O grande desenvolvimento tecnologico do século XX provocou, de pronto, o anuncio da era da especialização. Isto ainda se intensificou mediante o incremento do ensino técnico-cientifico. Em suma, seria muito difícil um novo Leonardo da Vinci - a epoca exigiria cada especialista, uniformizado ou não, em seu escaninho proprio, dentro do grande fichario das atividades humanas. Nada de ficar pulando de especialidade em especialidade, mesmo a preço de muitos se olharem no espelho e verem um Joseph K.
A amplitude das formas de cenhecimento não permitiria a ninguém tentar empalmar o mundo e o seu processo. Os escritores e artistas caiam na timidez diante do acumulo de novas ciencias: Sociologia, Psicologia, Ecologia etc e etc. Balzac passava a ser desnecessario, pois quem escrevesse realismo não dispunha da sabedoria a respeito do instrumento cientificamente adequado para examinar os ratos e dissecar o comportamento humano. Enfim, muita gente até com bastante dose de pieguice, despejou laudas e laudas sobre o apocalipse do individuo e das sociedades assoladas pelo progresso. Este seria até o demonio, enquanto os tecnocratas, as burocratas, ajoelhavam-se a seus pés.
Nem Deus, nem demo. A idéia do funcionalismo, que decorre inclusive da grande faixa filosofica aberta pela Teoria da Relatividade demonstra também que a tecnica pode ser tudo, mas dentro de um determinado campo correlato de ação. O individuo encerrado entre os espelhos de sua especialização perde a visão global do processo, acabará perdendo até a noção do aspecto functional de sua competencia: terá, à mão, sempre a pinça, nunca o farol ou, sequer, um misero flash-light.

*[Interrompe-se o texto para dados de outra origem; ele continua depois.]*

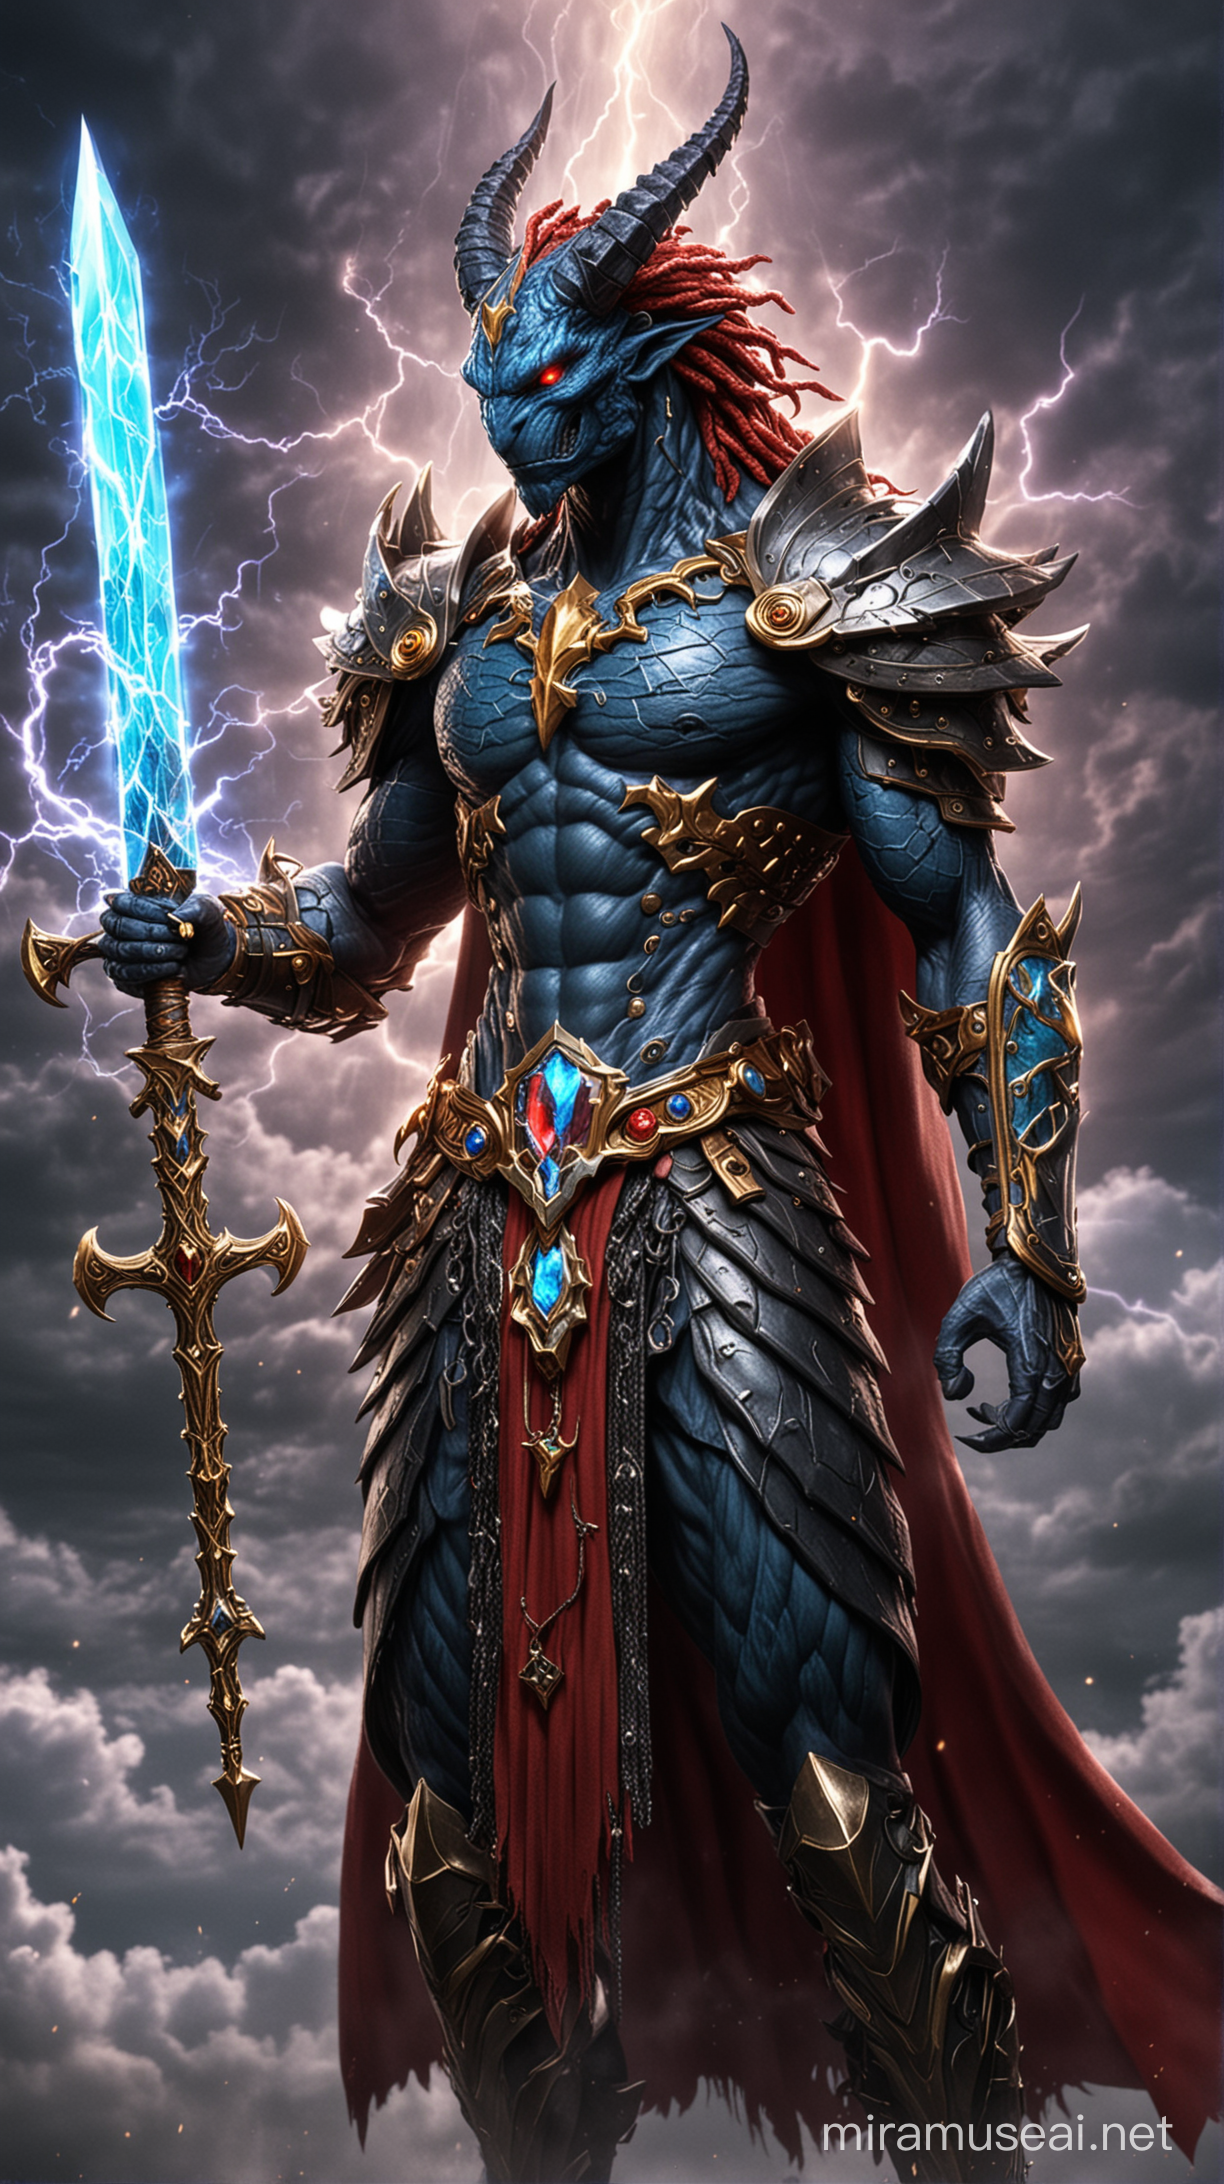 Enchanted Dragonoid Seraph Warrior in Technological Armor

E, sem isso, sem o Norte, pode ter a má sorte de se submeter, em grupo, a um não-especiatista, expert em se transformar em ditador. A história, recentíssima, mostra exemplos disso. Fritz Laag, pouco antes da glorificação suicida de Hitler, filmou "Metropolis". Na União Sovietica o sonho utopico do comunismo (e o conceito de utopia, aliás, é uma especialidade da cultura occidental...) tornou-se miseria do burocracismo, onde, inclusive, para o escritor e artista, a especialização tematica é obrigatoria.

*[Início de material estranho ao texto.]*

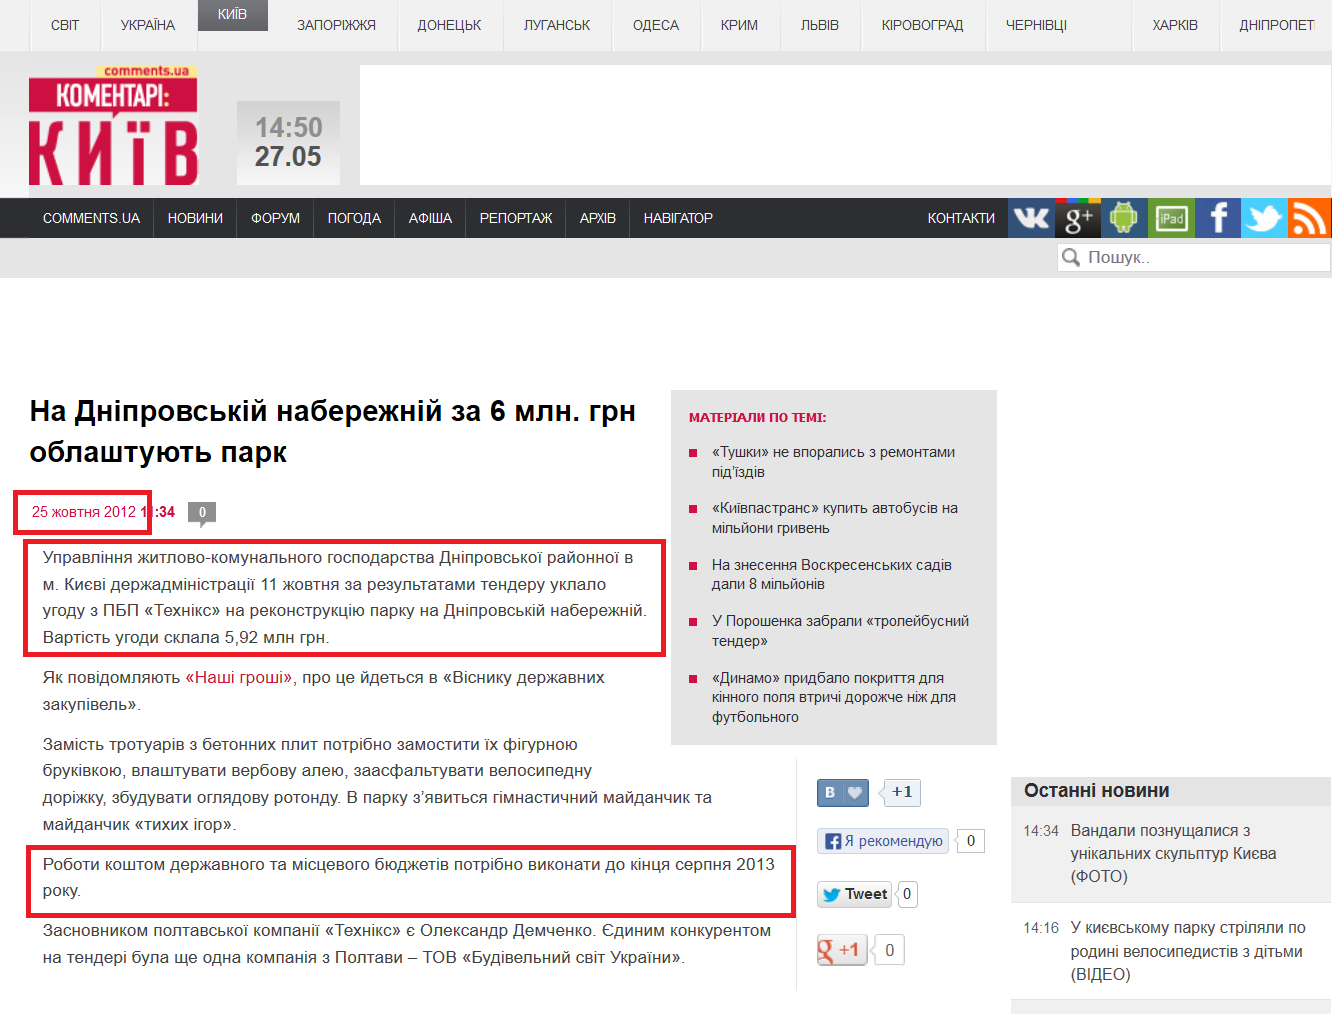 http://kyiv.comments.ua/news/2012/10/25/113439.html

Não se nega o que a palavra "especialista" ou "especialização" pode significar, de novo funcionamento, como a consciencia de cada individuo do alcance de seu instrumento principal de trabalho e/ou criação. Estar consciente é ser profissional. Mas esse instrumento não pode também ser uma coisa ou entidade isolada, avessa ao relacionamento com outros fatos e instrumentos. Senão, é o auto-sacrificio da liberdade: logo, ela que condiciona a objetividade para o estar, permanecer no mundo. Ou dizer: sou especialista, - fecho-me em meu escaninho - atiro. O tiro sai pela culatra.